Paying Back the Debt

With the hole plugged for now, and an easy mechanism in place for adding any other missing counterparties – update the text file – we were in a position to sort out the root problem without feeling under pressure to get the system working correctly 100%, ASAP.

As you can probably imagine the real solution wasn’t easy, not least because it was one of a few areas of SQL code that didn’t have any unit tests and was a tangled web of tables and views which had grown organically in an attempt to graft the old and the new worlds together [4].

What Did it Cost?

If we assume that the gung-ho approach would have been to just jump in and start fixing the real code, then what did we lose by not doing that?

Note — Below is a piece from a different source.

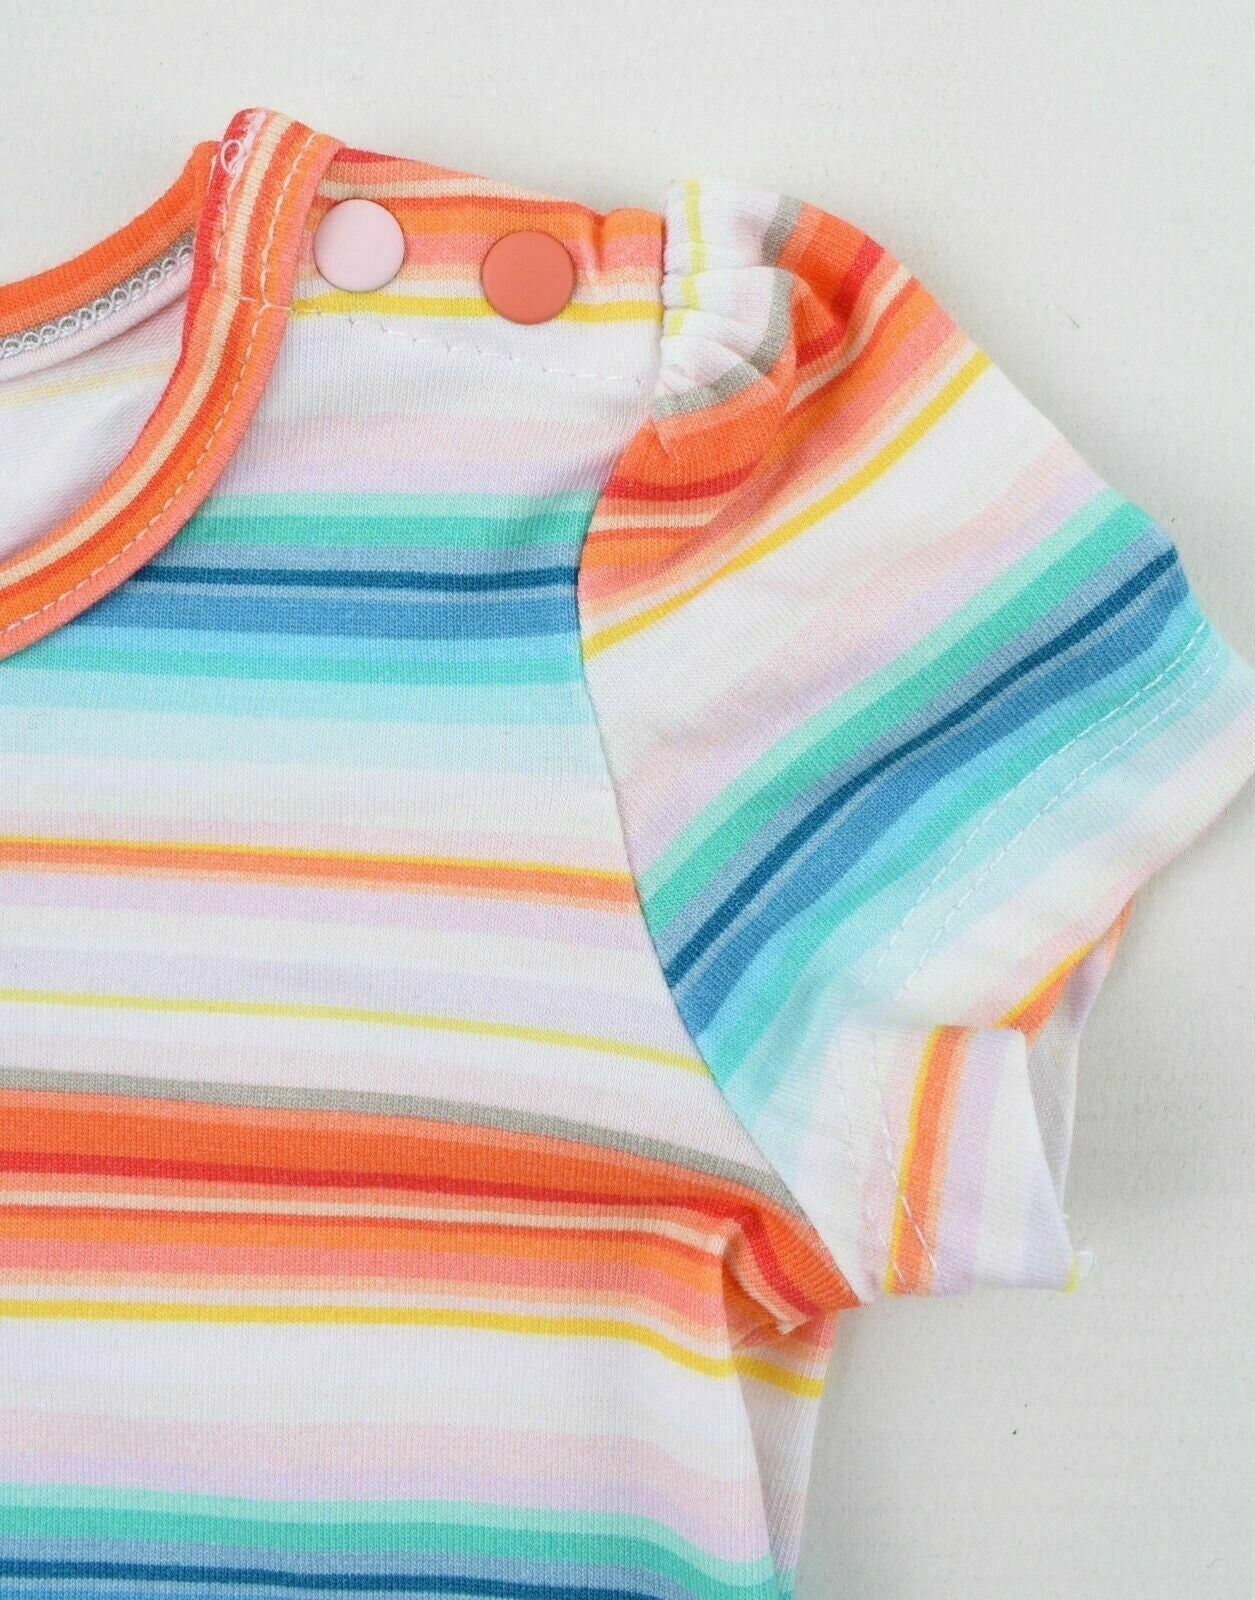 PAUL SMITH Baby Girls' Striped T-shirt Top, Multicoloured, size 3 months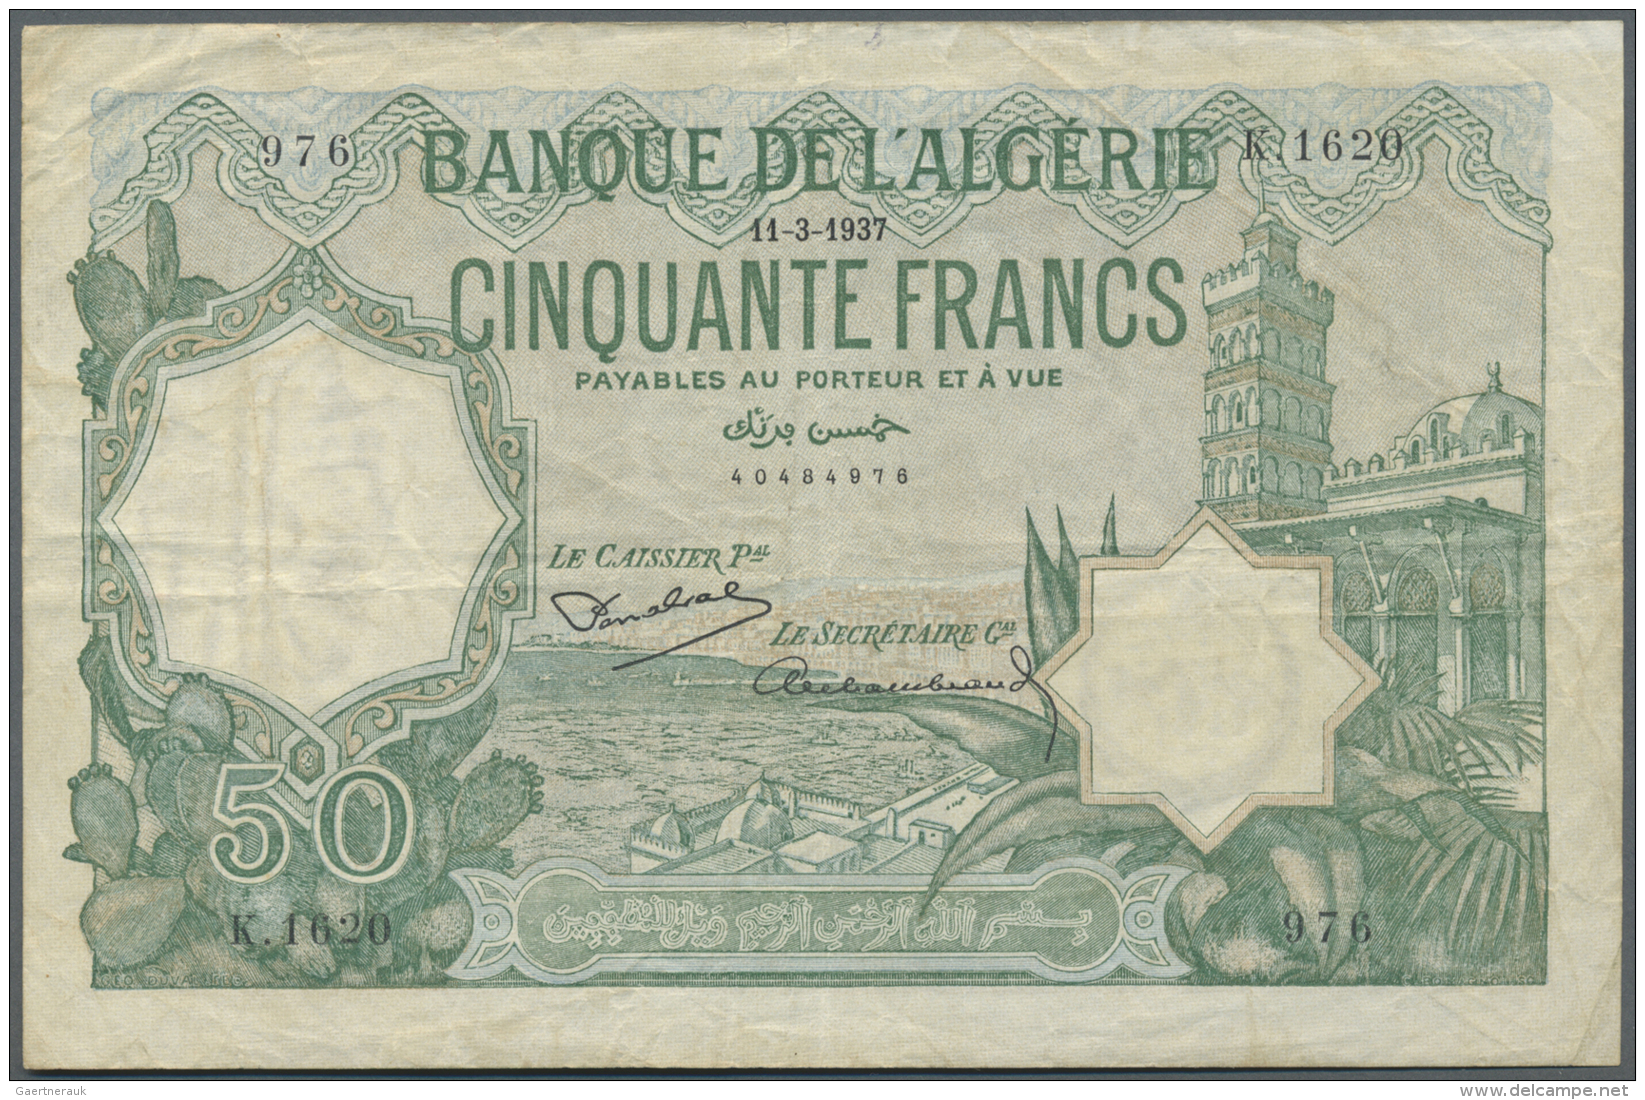 Algeria / Algerien: 50 France 1937 P. 80a, Used With Folds And Creases, Minor Border Tears, No Holes, Still Crispness In - Algérie

It’s possible that the final fix was simple and a little more investigation may have lead to that solution instead.

In contrast, the risk is that we end up in one of those “have we fixed it or not” scenarios where we spend an indeterminate amount of time being “real close” to getting towards “done”. The old adage about the last 10% also taking 90% of the time springs immediately to mind. Instead we were almost positive we had a simple workaround that could be deployed and get the system running correctly enough in an estimable amount of time. I believe there is a lot of value in having that degree of confidence.

What I think was critical was being able to remove the pressure on finding the right solution as this gave us time to really consider what needed to be done. Any fix done under pressure is not going to be given the attention to detail that it probably deserves. You then run the risk of making the system worse and having an even deeper hole to dig yourself out of.

The customer does not care about strategic versus tactical decisions per-se, they just want the thing to work. We cared about the solution because we knew it would be a burden in the short term as everyone had to remember about the bit “grafted on the side”. The general trust the team had built up by keeping quality at the forefront meant that the business would be more willing to trust us to reconcile the problem appropriately when the time came.

Use Language With Care

I really hope the term Technical Debt doesn’t continue to get watered down even further as it’s a powerful concept which is incredibly useful in the right hands. We already have far too many words for “alternate implementation” that are pejoratives carrying an air of unprofessionalness about them. I would like this one to remain in the hands of the professionals so they can continue to have “grown up” conversations with their customers about when it’s appropriate to consider taking shortcuts for a short term business need without them rolling their eyes, yet again.


[1] See “Relentless Refactoring” for more thoughts around this (unfortunately) contentious topic.

[2] “From Test Harness To Support Tool”, “Building Systems as Toolkits” and “In The Toolbox - Home-Grown Tools” all look at the non-functional side of tooling.

[3] A batch file just wouldn’t be complete without a for loop, see “Every Solution Starts With ‘FOR /F’”.

[4] This one feature seemed destined to plague us forever, see “So Many Wrongs, But No Rights” for another tale of woe.